Ustad was born into a family of musicians steeped in the traditions
of the famous Gwalior gharana (or "house") of classical
Khayal singing. His musical training began as a child, when he
began learning vocal music from his grandfather Haidar Khan and
his father, Chhote Khan. His uncles, Uday Khan and Haddu Khan
also instructed him in music.He studied many instruments, among
them sitar, santoor and tabla and by the end of his life was an
expert performer on twenty different musical instruments.
Ustad's great love was however the sarangi, which he mastered
under the great Bade Ghulam Sabir Khan.
The sarangi, a bowed fiddle, in expressiveness is the closest
Indian instrument to the human voice and in the hands of Ustad,
with his training in vocal music, the instrument became a singer.
His performances have done much to establish the sarangi as one
of the great solo instruments of the Indian classical repertoire,
and rescued it from the stigma it once bore, of being an instrument
meant merely to accompany dancing girls.
Ustad was in demand at the most prestigious music festivals all
over India, both as a soloist and accompanying such maestros as
Bade Ghulam Ali Khan, Amir Khan, Hirabai Barodekar, Nazakat and
Salamat Ali Khan, Mallikarjun Mansur and Kishori Amonkar. He received
many awards, among them the prestigious Sangeet Natak Akademi
Award in 1992.
In 1989 he performed at the Sarangi Mela in Bhopal, an impressive
get-together of more than 120 sarangi players. Ustad lived in
the city's Pari Bazaar area, where he presided over an enormous
household of sons, daughters, their spouses and children in a
house full of music where everyone played an instrument.

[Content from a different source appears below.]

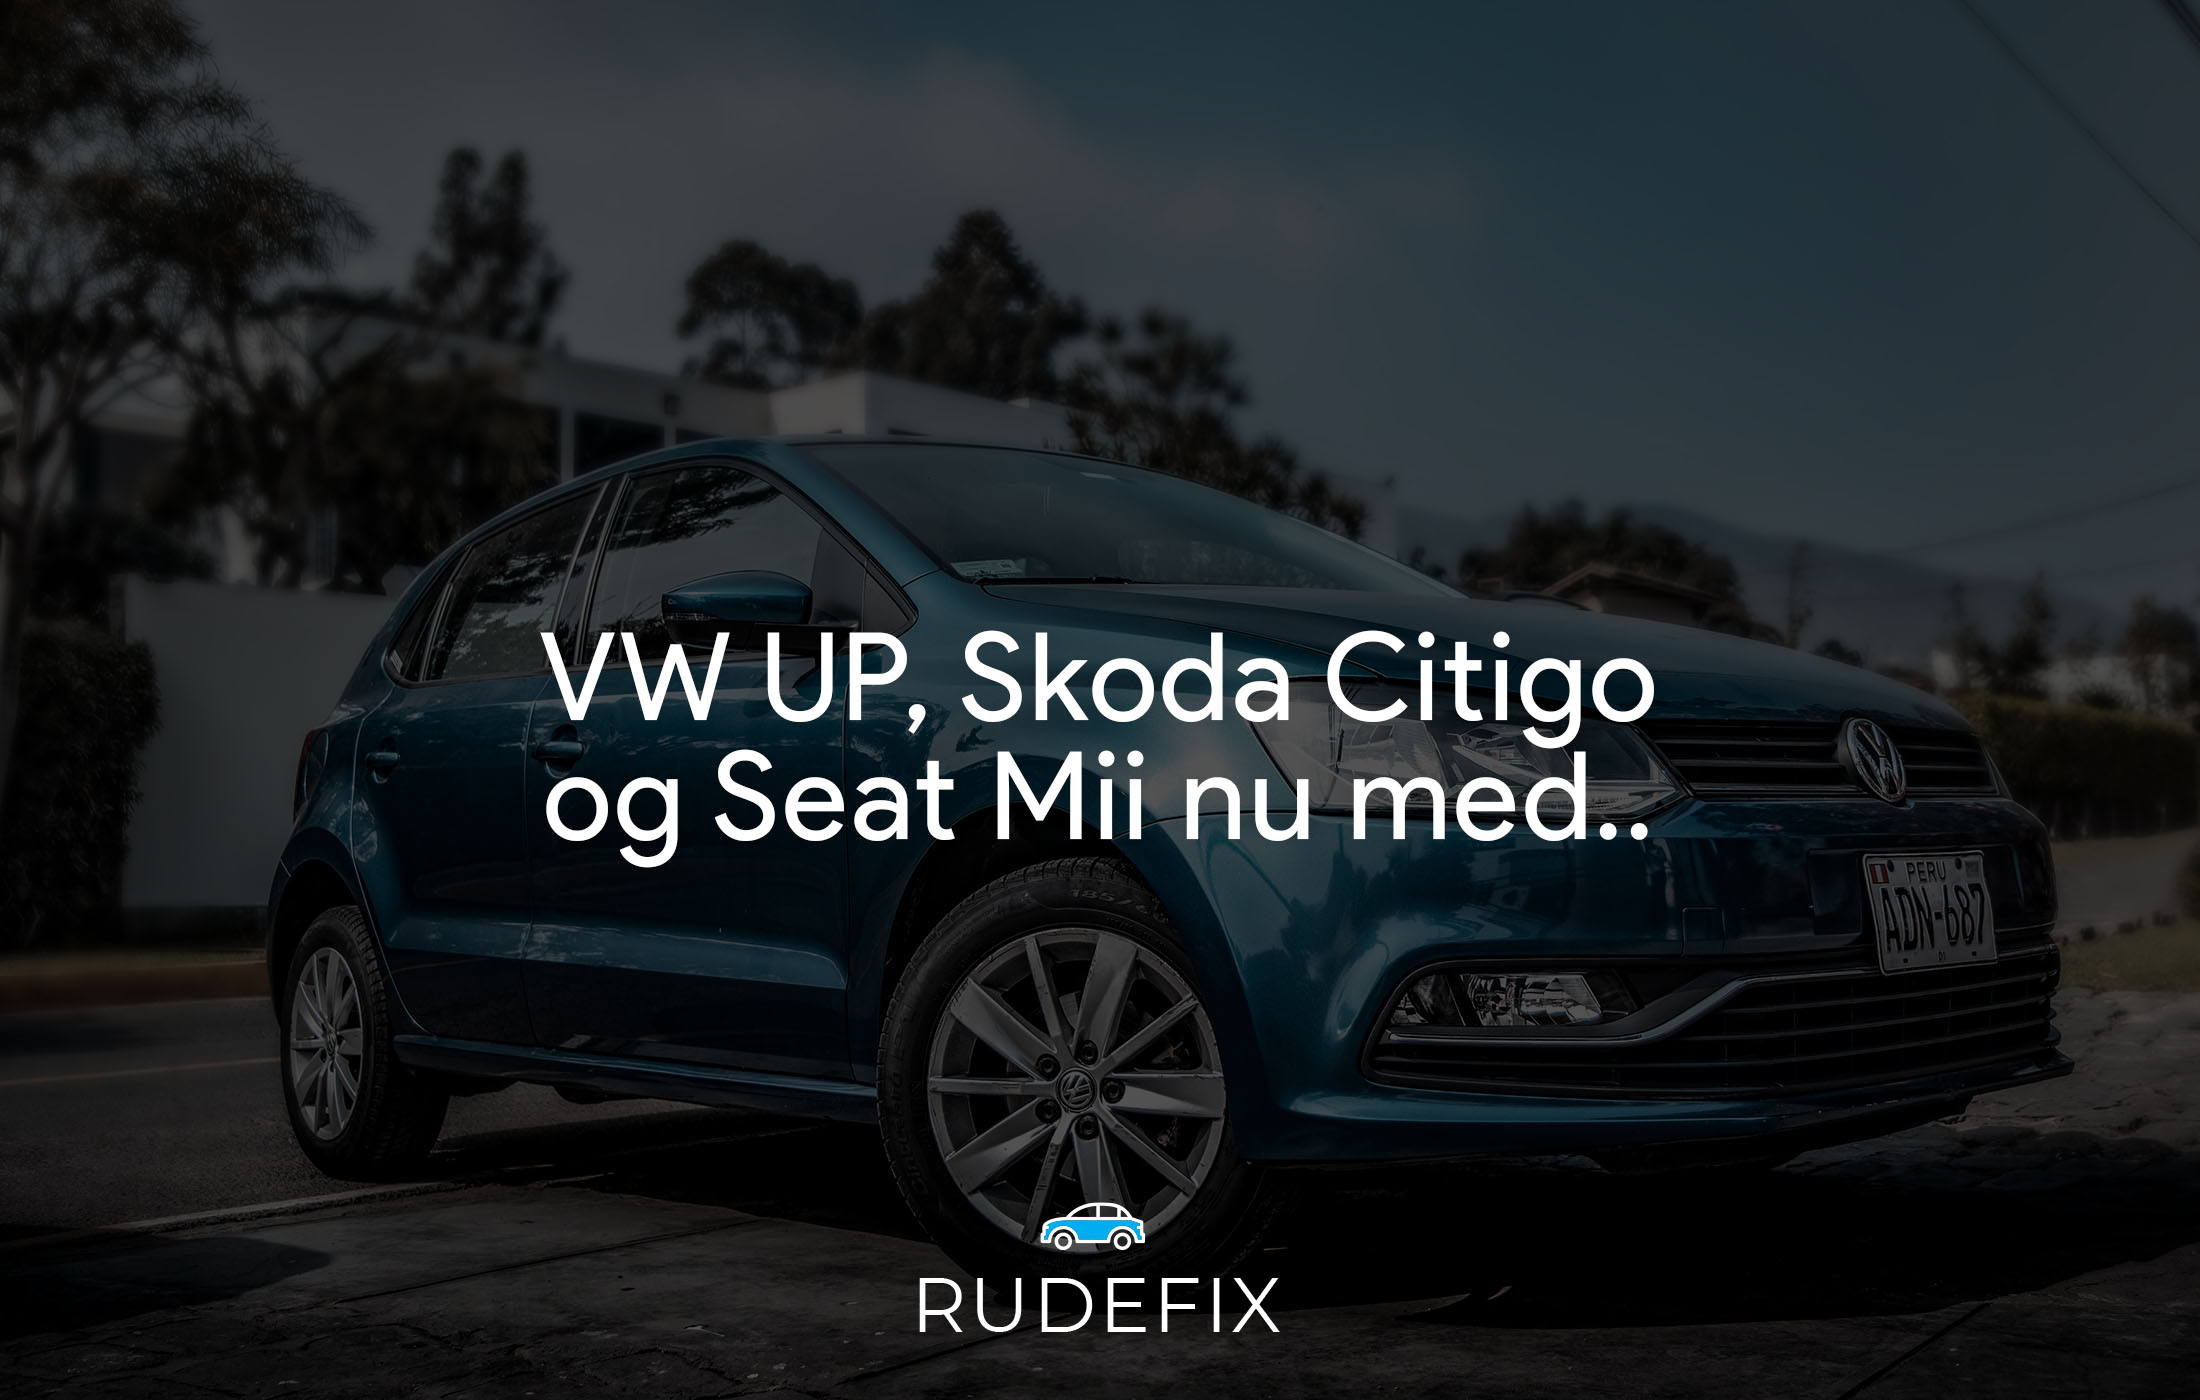 VW UP, Skoda Citigo og Seat Mii

He was a great friend to the Sambhavna Clinic, which is funded
by the Bhopal Medical Appeal, and was himself a gas victim.
On the night of horror, when gas began to seep into the family
house and people wanted to run away into the street, Ustad forbade
it, saying that if they were to die, they would die with dignity,
all together. Instead they blocked doors and windows and stayed
indoors. With this decision, Ustad saved his family, for all those
who ran into the streets were enveloped by the oncoming gas clouds
and perished.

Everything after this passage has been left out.